In recent years, the city administration has closed several stations and at least four others have been “deactivated,” the closing down of stations for days at a time when the department cannot find available manpower.
The World Socialist Web Site spoke with Sgt. Mike Funchess, an officer from Engine Co. #40.
“We are required to respond with seven pieces of equipment to each fire,” Funchess said. “But if there are two fires at once in an area and other companies are called in to help it shrinks the available manpower. We get over-stretched and have to figure out where to send our resources first because closed companies have no one to send. I’m afraid this is going to go on until someone is killed. Then the day after it happens they will announce they are putting firefighters on overtime.

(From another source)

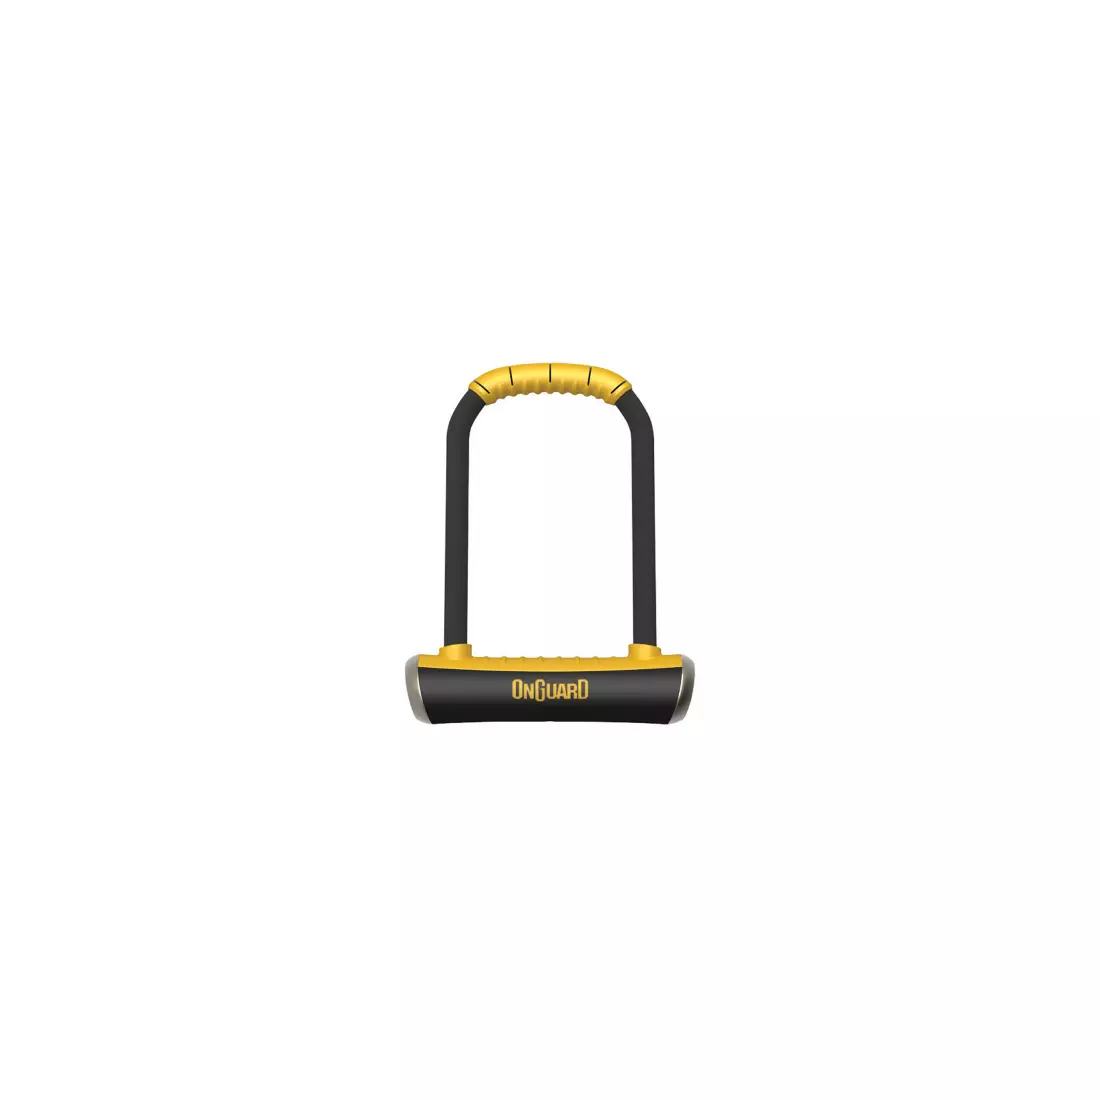 Bicycle lock ONGUARD PitBull STD 8003 U-LOCK - 14mm 115mm 230mm - 5 x key with code ONG-8003 SS16

“We are fighting fires in poor neighborhoods. I’d say 65 percent of the fires in homes we are told are vacant really have homeless people squatting in them. These people don’t want anyone to know they are there. They burn wood in the fireplace to stay warm and put plastic over the windows. You would swear the houses were vacant but people are living there.
“We’re supposed to let the vacant homes burn down but I say let’s put it out. Sometimes you hear a dog barking inside and know someone must have tied him up in there. It’s not my job to let it burn up.
“I think a lot of the fires in the city are not in downtrodden areas but areas where real estate developers want to build a new row of houses.
“The mayor is talking about shutting down whole areas of the city and privatizing services. He won’t let us hire. In 1989, when I hired in, there were 2,100 firefighters. There are 800 now.
“We need to hire and bring in new firefighters who are 23 to 25 years old because this is a physically demanding job. The last fireman who was hired—five years ago—was 42, and had been laid off from another city job.
“A lot of young people around the city want jobs. They could learn to fight fires and that would strengthen us. But the city isn’t hiring. Instead, guys are getting hurt and beat up. They’ve cut us bad. One guy is doing the job of four and they wear out faster.”